Bastardos no entienden que nos quema la rutina, somos hijas de la calle pasando como de la mierda de tu estética de pegatina, somos duras ya no hay duda, lo hemos demostrado durante siglos de tortura, no tengo yo la culpa de que en tu cerebro de mosquito no se pose la idea de un mundo libre de machitos, hartas de engendros que se creen hombres y sólo son tristes marionetas a los que el poder de la dominación corrompe.
Somos hijas de la calle, sabemos andar descalzas, tiraremos de las cadenas aunque sólo podamos arrastrarlas, escupiendo sobre leyes de mierda, que nos atan desnudas a las rejas de esta celda, patriarcado bastardo, no esperes que me someta, cuantas veces habré dicho: tengo frío sí, pero no quiero tu chaqueta.

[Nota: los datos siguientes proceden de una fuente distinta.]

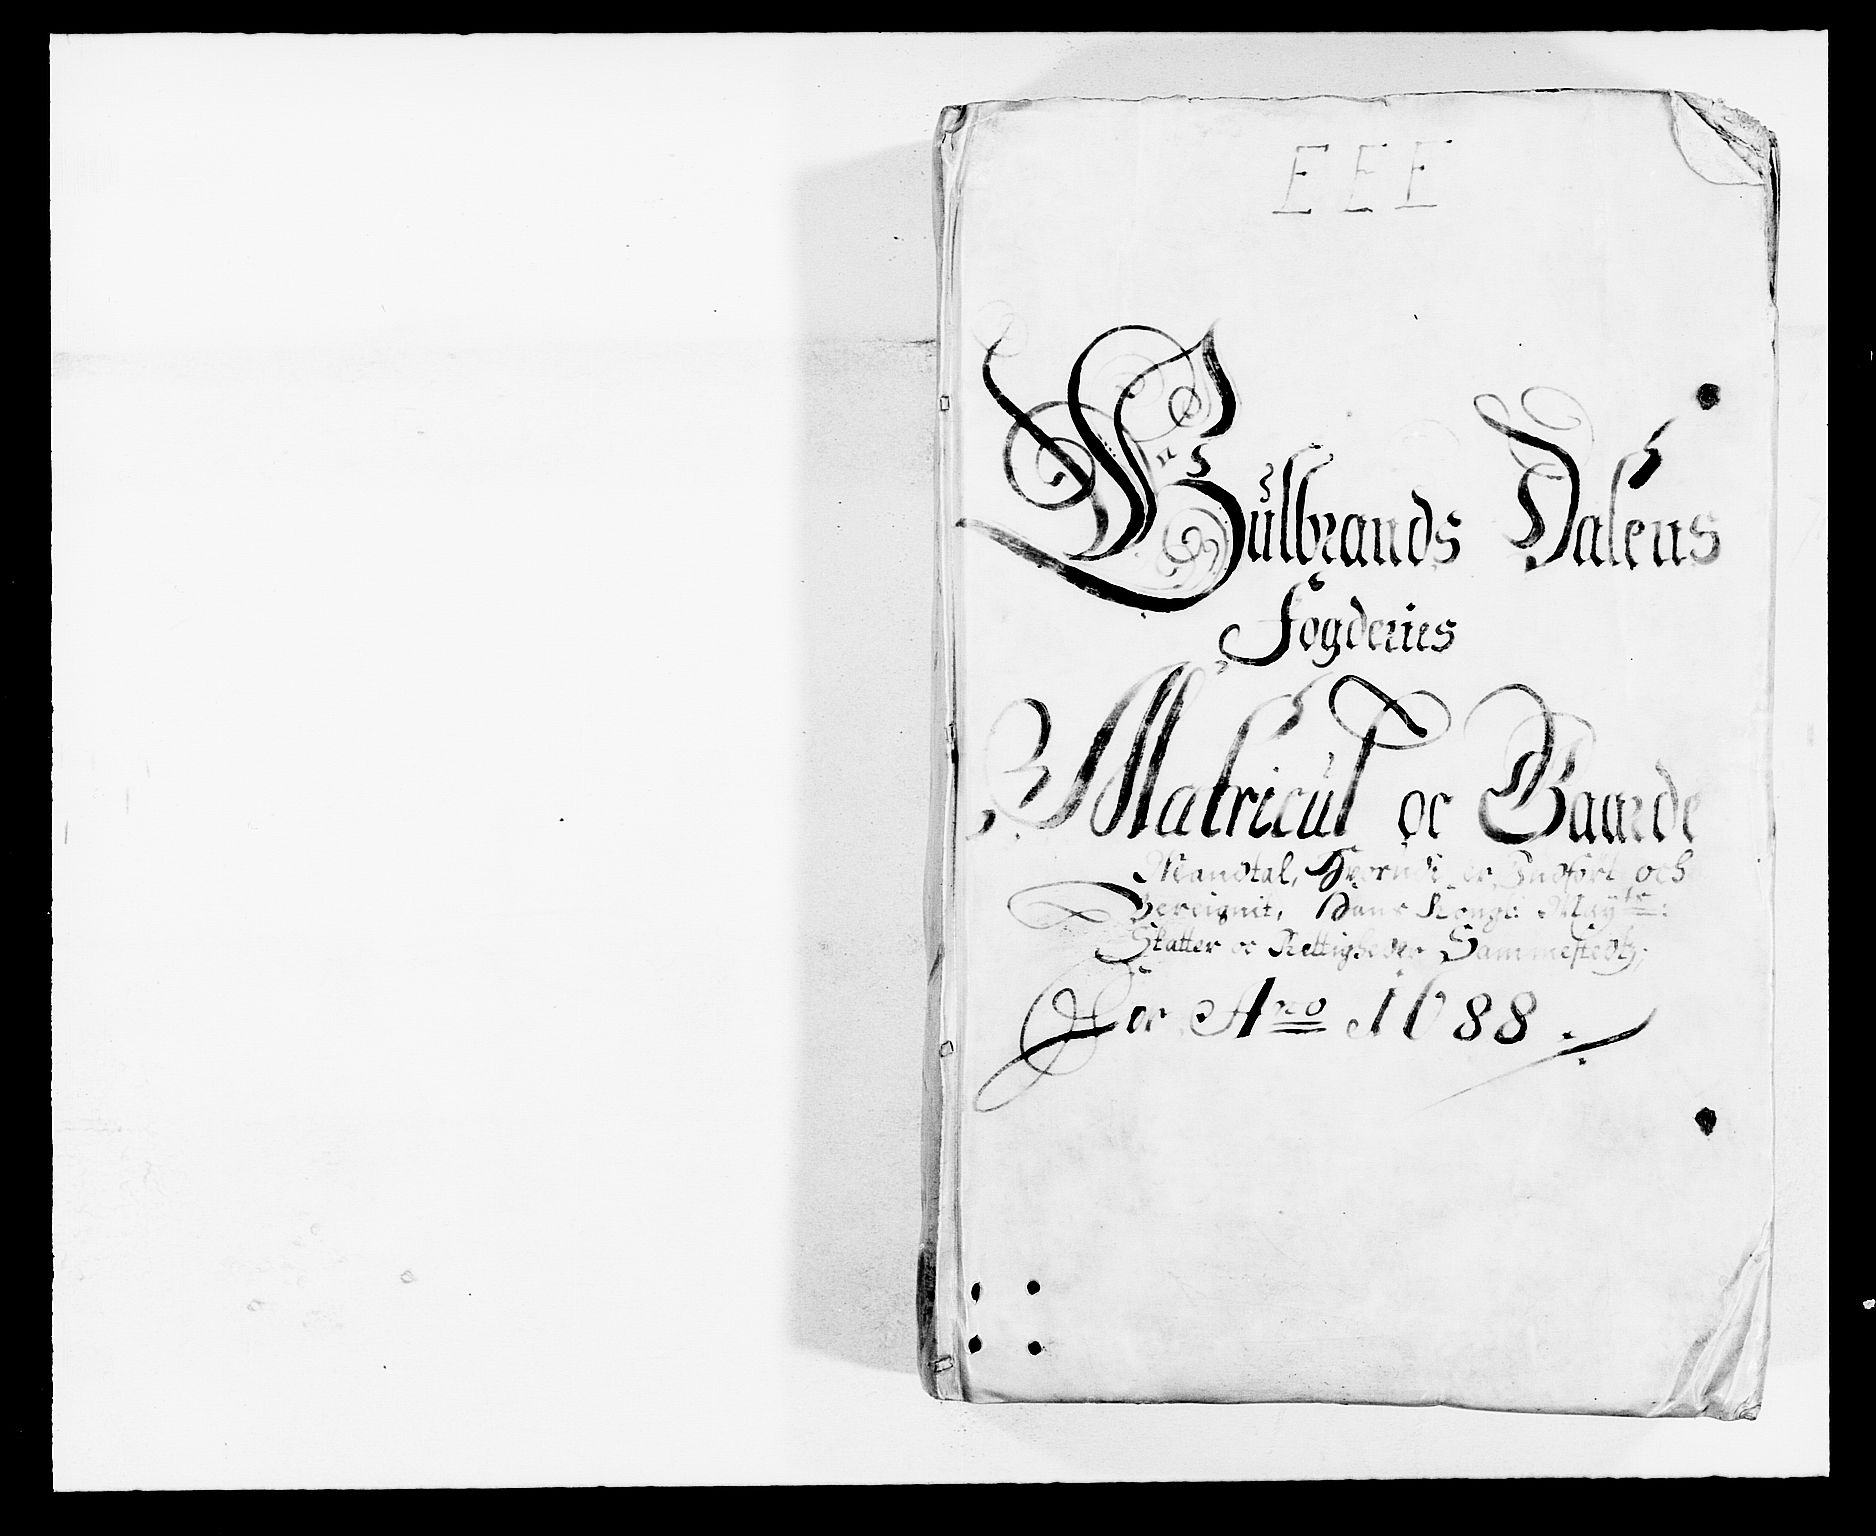 RA, Rentekammeret inntil 1814, Reviderte regnskaper, Fogderegnskap, R17/L1163: Fogderegnskap Gudbrandsdal, 1682-1689, s. 78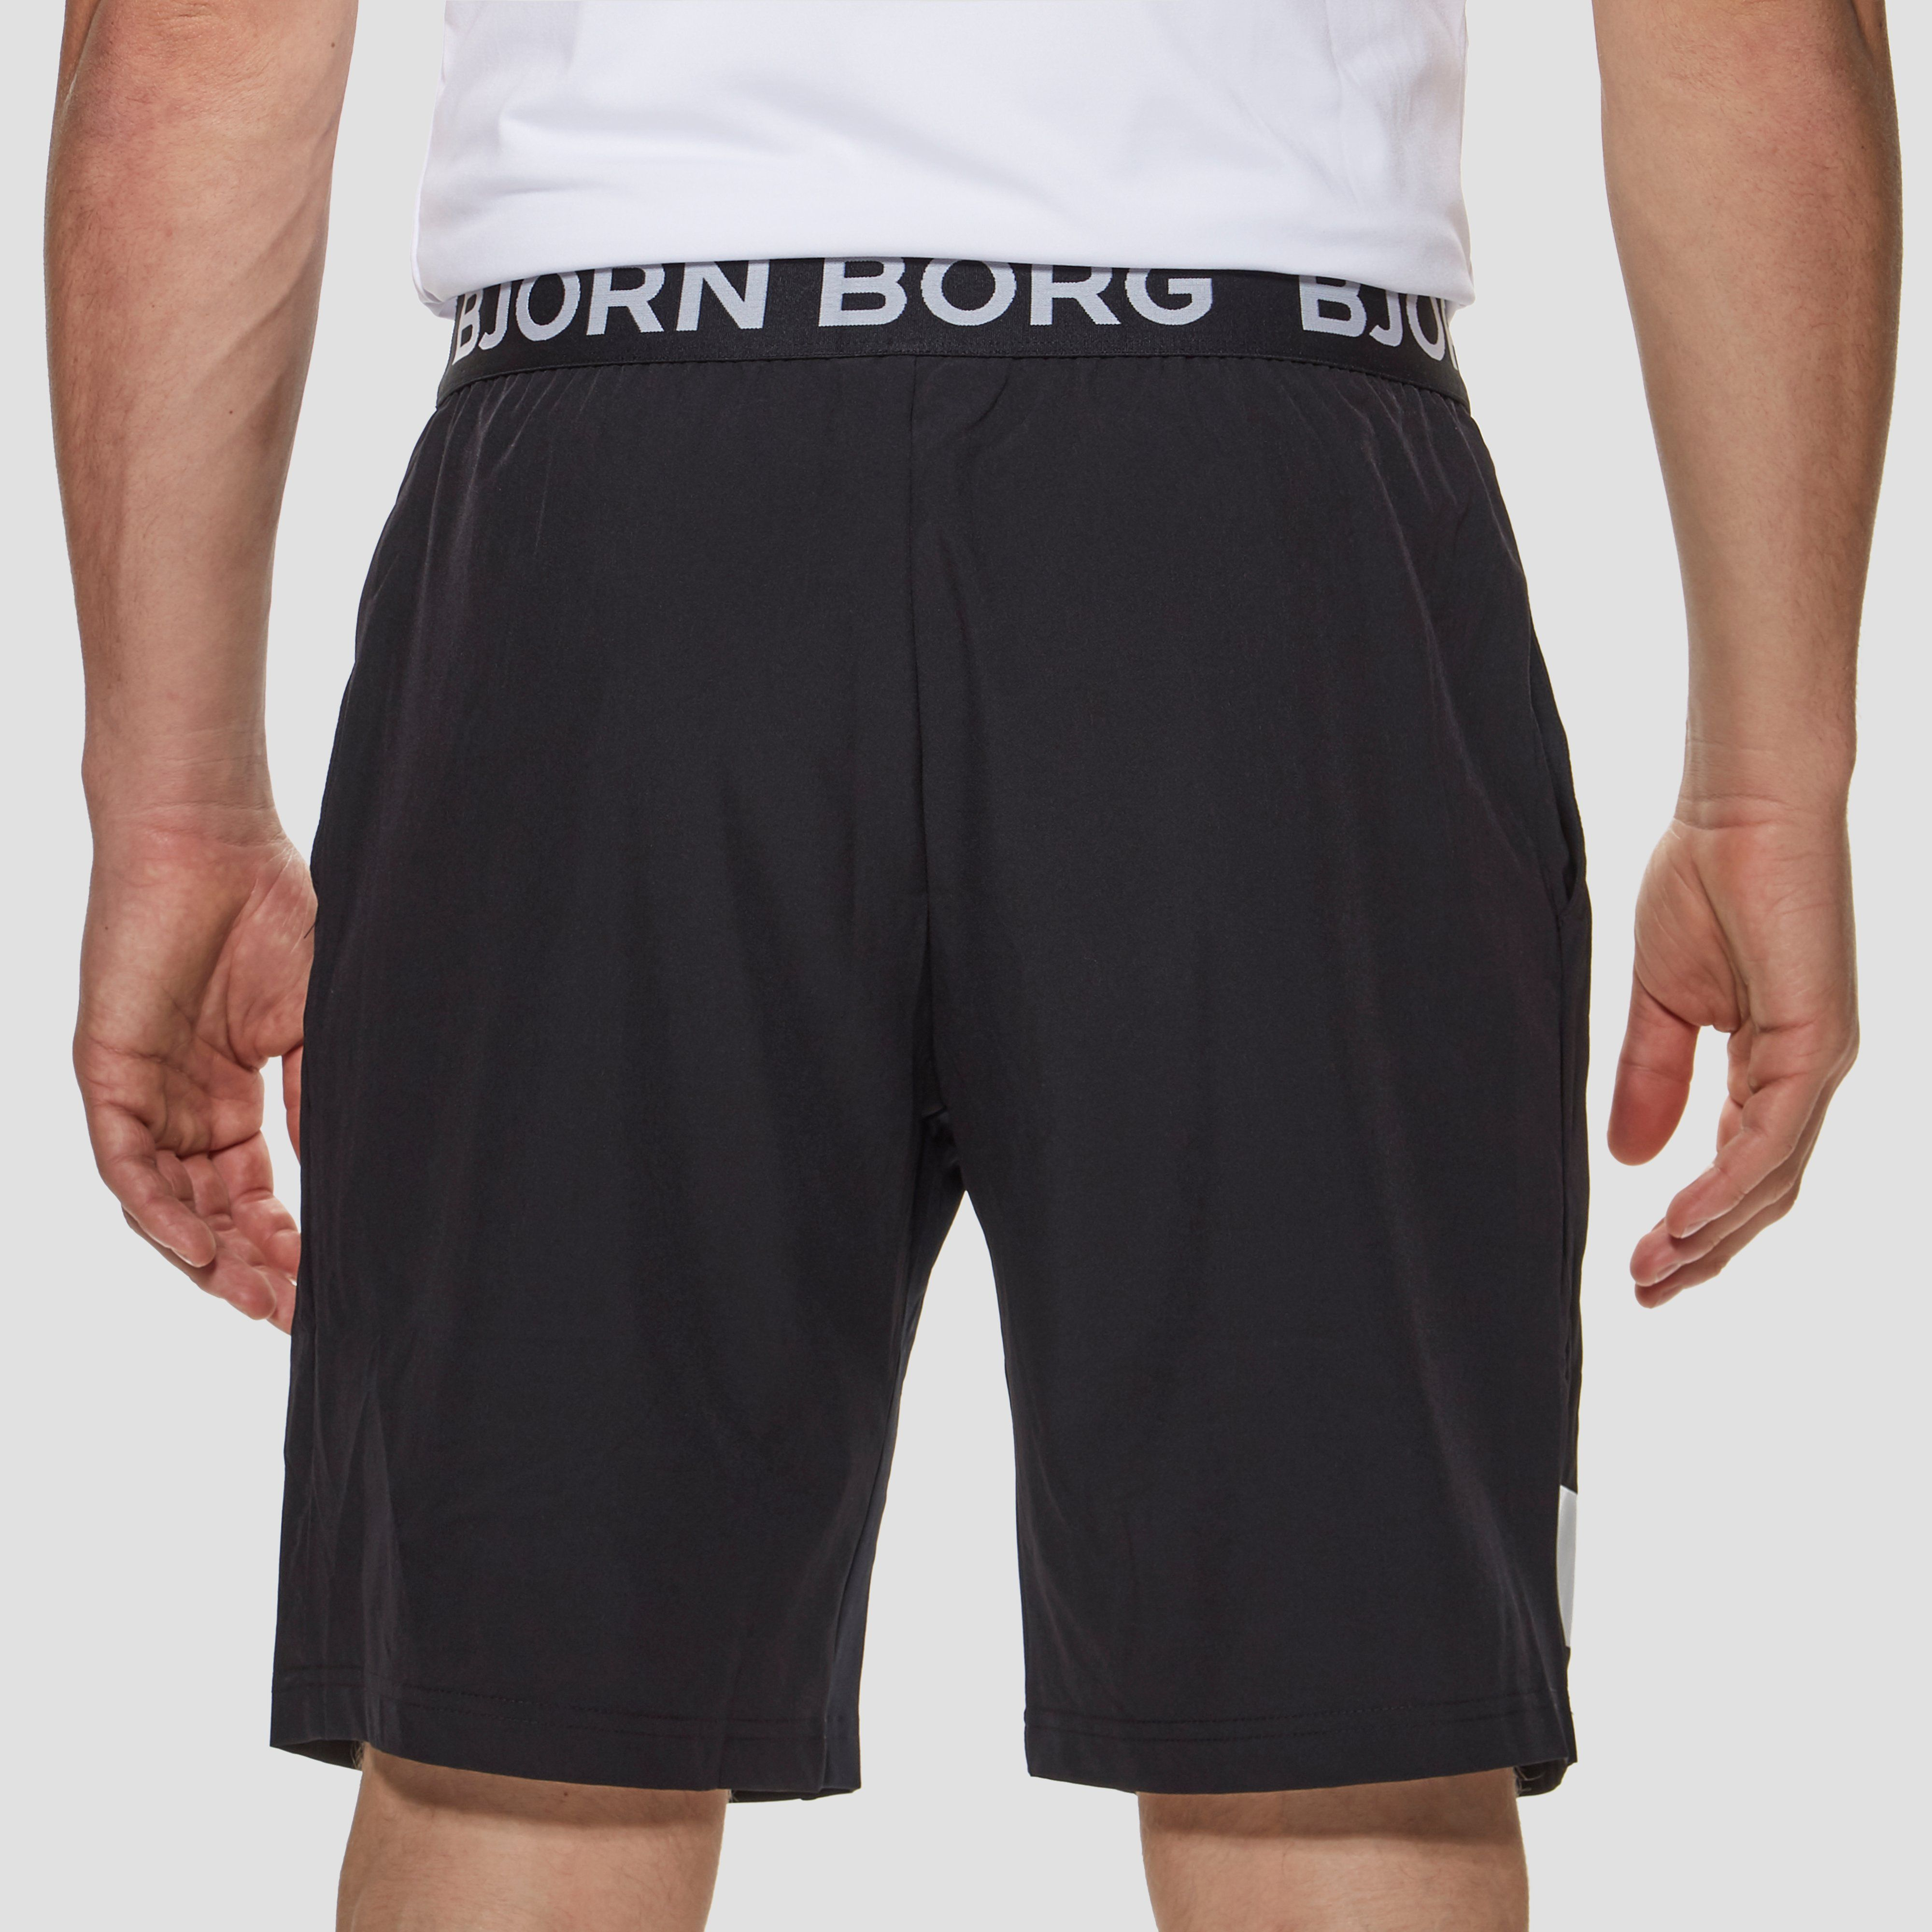 Bjorn Borg August Men's Training Shorts

A veces locas enérgicas, a veces desgastadas, a veces putas, a veces tiernas hadas, siempre mujeres dignas, sin eso no vales nada y el precio no lo pones tú, lo pone el peso de tu alma.
Somos hijas de la calle de día y de noche, ojo con lo que ladras, conocemos callejones, somos hermanas de la noche con el corazón hecho jirones por el mundo que se derrumba y verdaderos héroes en la tumba.
Somos las que lloran desconsoladas, a veces de dolor, otras de odio y rabia pero secamos nuestras lágrimas con banderas rojas y estrellas doradas pálidas. Las que gritan desgarradas, no nos manches con tus brillos, llénanos de pintadas, que resuenen en ecos de bramidos eternos ¡LIBERTAD CAMARADAS!